**What you have to do**
Look in the material below for the line with "Plasmonic Waveguide Design" and the line with "Louis poulsen artichoke pendant light listings", then set down exactly those two lines and all lines between, nothing more.

**Data shown**
=====
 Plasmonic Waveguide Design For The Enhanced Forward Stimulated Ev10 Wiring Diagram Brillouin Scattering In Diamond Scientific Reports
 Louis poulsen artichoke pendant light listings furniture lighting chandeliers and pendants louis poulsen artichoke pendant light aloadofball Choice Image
=====
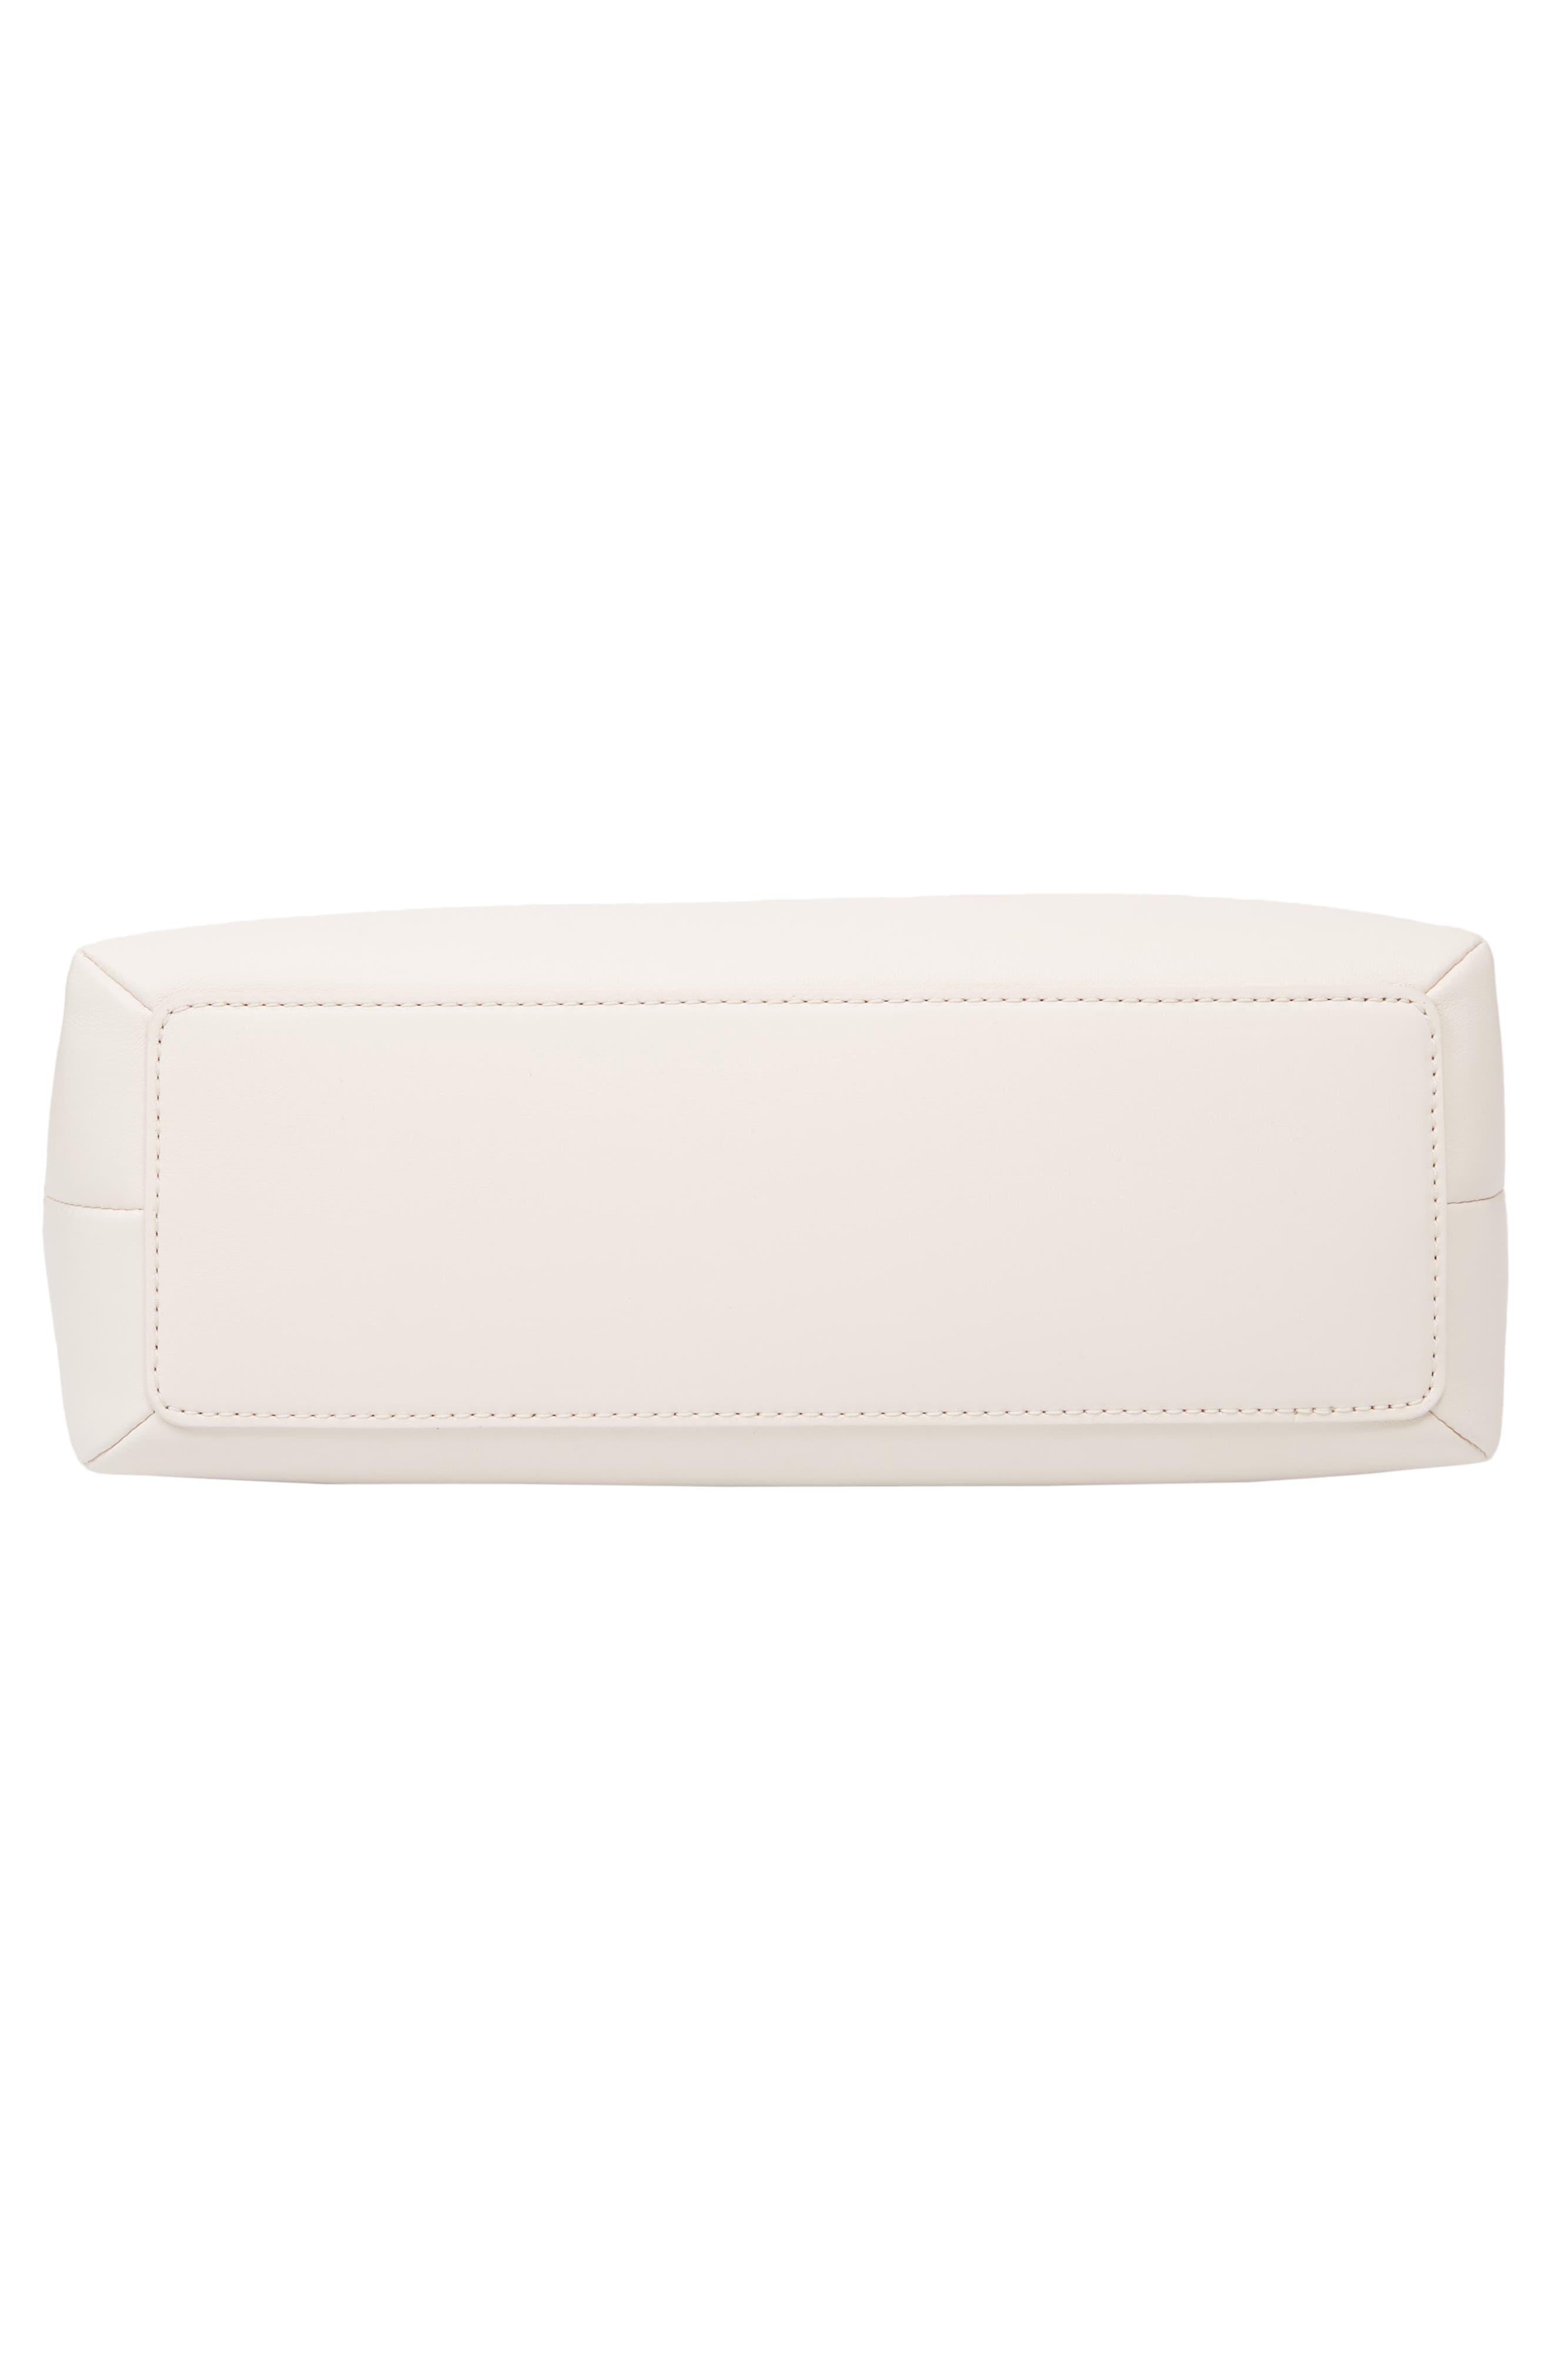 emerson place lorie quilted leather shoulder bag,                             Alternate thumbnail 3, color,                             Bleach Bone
=====
**Completed task**
 Plasmonic Waveguide Design For The Enhanced Forward Stimulated Ev10 Wiring Diagram Brillouin Scattering In Diamond Scientific Reports
 Louis poulsen artichoke pendant light listings furniture lighting chandeliers and pendants louis poulsen artichoke pendant light aloadofball Choice Image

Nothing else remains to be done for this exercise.